Les différents épisodes, autrement dit, les différents miracles sont écrits pour émouvoir l’auditeur ou le lecteur. La manière dont les miracles de saint Melaine sont écrits est attribuée à l’époque carolingienne où l’émotion dans le genre hagiographique avait pris une toute nouvelle importance949. On constate alors que les épisodes mettent en scène des cas de figure qui émeuvent, alors on parle de petites filles possédées, de pères désespérés, de malades qui semblent incurables, de démons qui possèdent les gens innocents. L’hagiographe ne manque pas d’en rajouter au registre affectif. On parle des innocents et des coupables, des pieux et des gentils, du Bien et du Mal, de Dieu et toujours de saint Melaine, le sauveteur, le héros du moment- avec l’aide de Dieu.
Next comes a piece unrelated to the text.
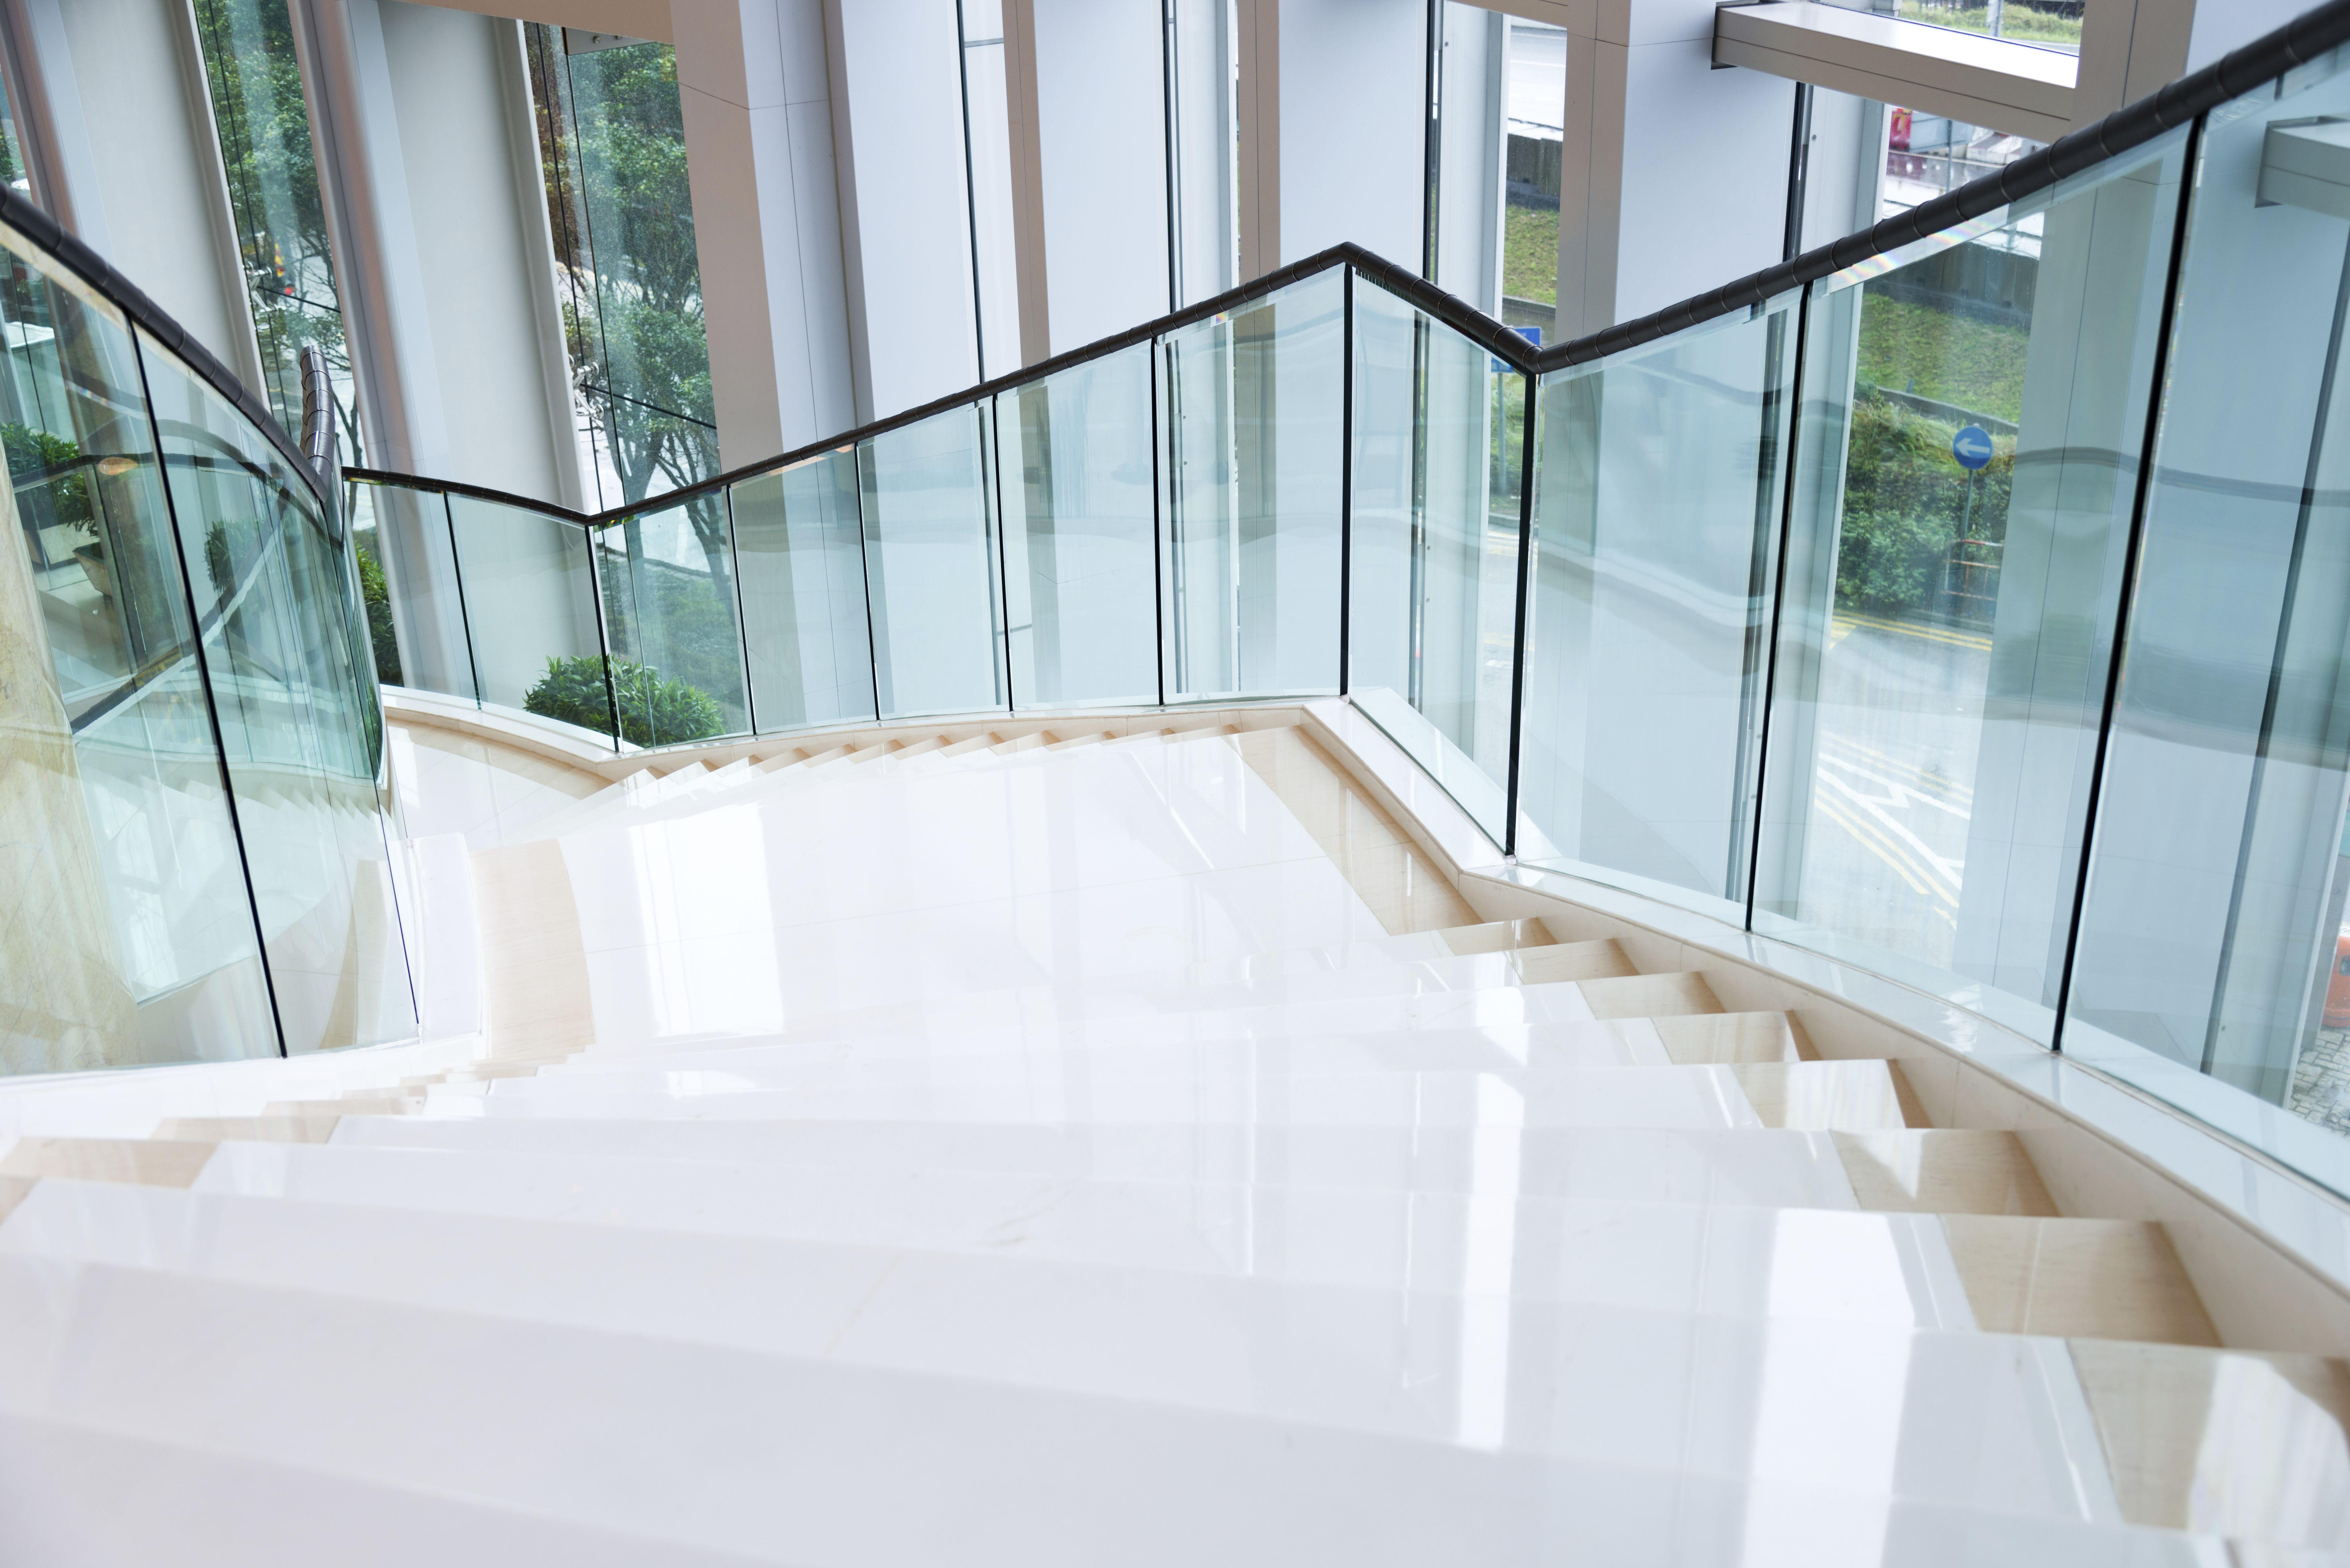 Cristalería Olinda, trabajos de vidrio

Enfin on parle de tout le monde tel qu’il a pu exister à une certaine époque. Un monde tel qu’il a pu sortir de l’imaginaire de l’hagiographe ?
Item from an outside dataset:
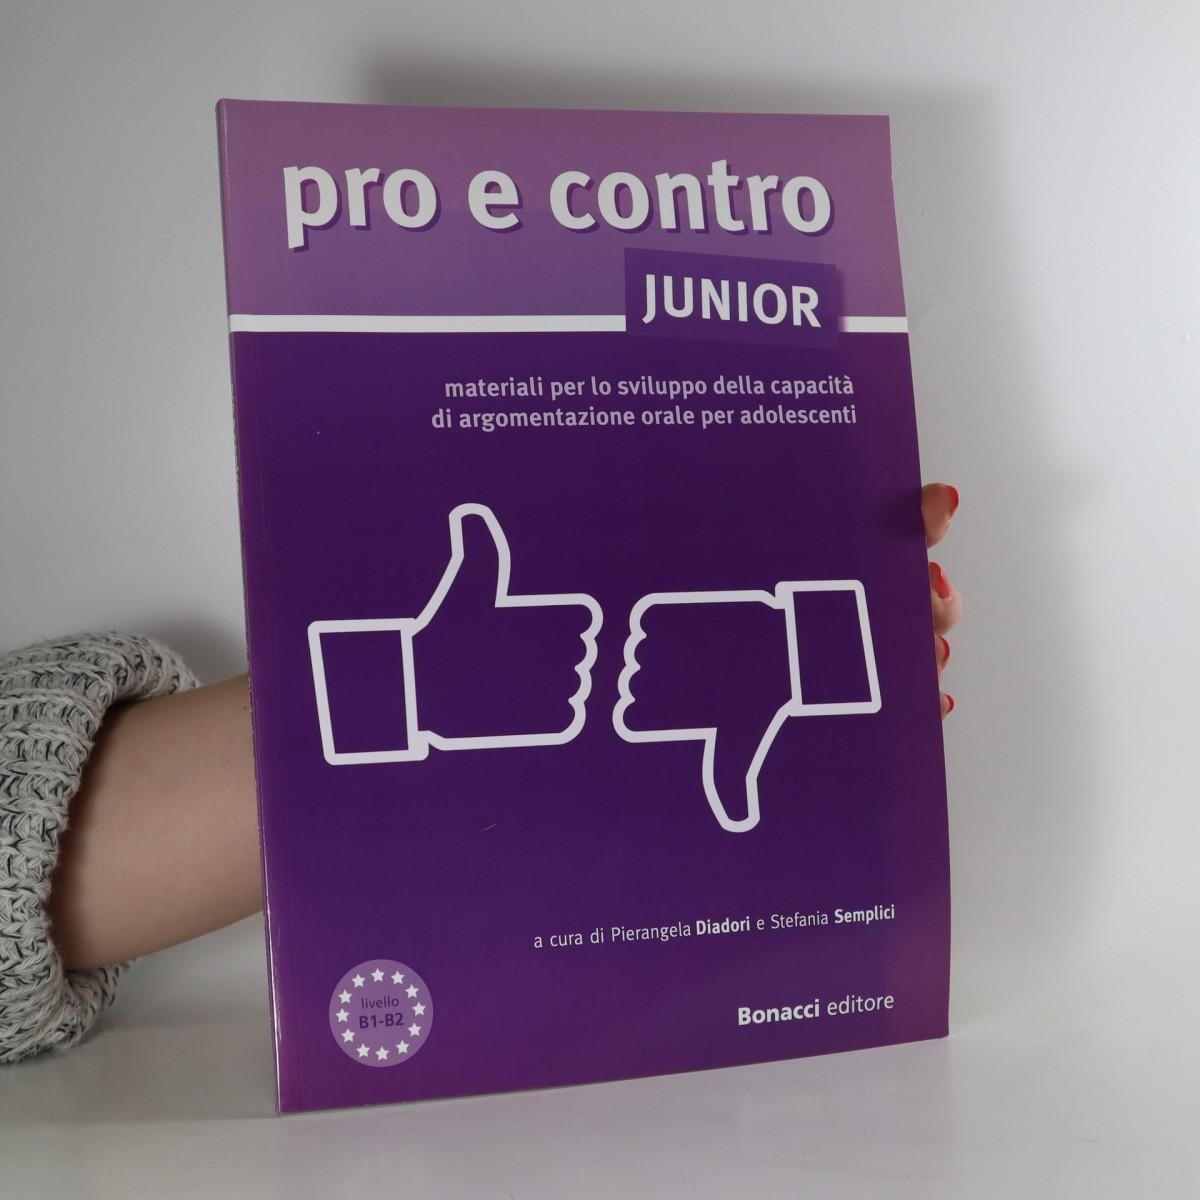 antikvární kniha Pro e contro junior, neuveden

Nous avons pu discerner un certain nombre de sources que l’hagiographe a utilisées afin d’écrire la vita. Lié au genre hagiographique, on s’attend aussi à un certain nombre de lieux communs dont on peut apprécier difficilement la teneur en informations historiques puisque nous ne possédons pas d’autres sources. Nous avons parlé de la banalité du récit de la vita de Melaine. L’hagiographe manquait-il d’idées ? En dehors des épisodes qui démontrent de très grandes similitudes avec leurs modèles littéraires, nous pouvons prendre cette banalité éventuellement pour un indice de véracité du récit. Dans les chapitres I, VII, VIII, IX, XI et XIII, on ne relève pas de sources littéraires évidentes, à part des citations bibliques. Le contenu de ces chapitres, notamment la référence à des faits- des titres de propriétés ou de donations des chapitres VI, VII, VIII et XIII- pour lesquels l’hagiographe a pu disposer d’autres sources, qui nous sont perdues aujourd’hui, peut renvoyer à une réalité historique.

947 Ibid., p. 79.

948 Le manuscrit de Karlsuhe, Badische Landesbibliothek, Aug. Perg. LXXXVIV, fol. 165R-169V distingue par une

absence totale de toute organisation textuelle, mise à part le prologue.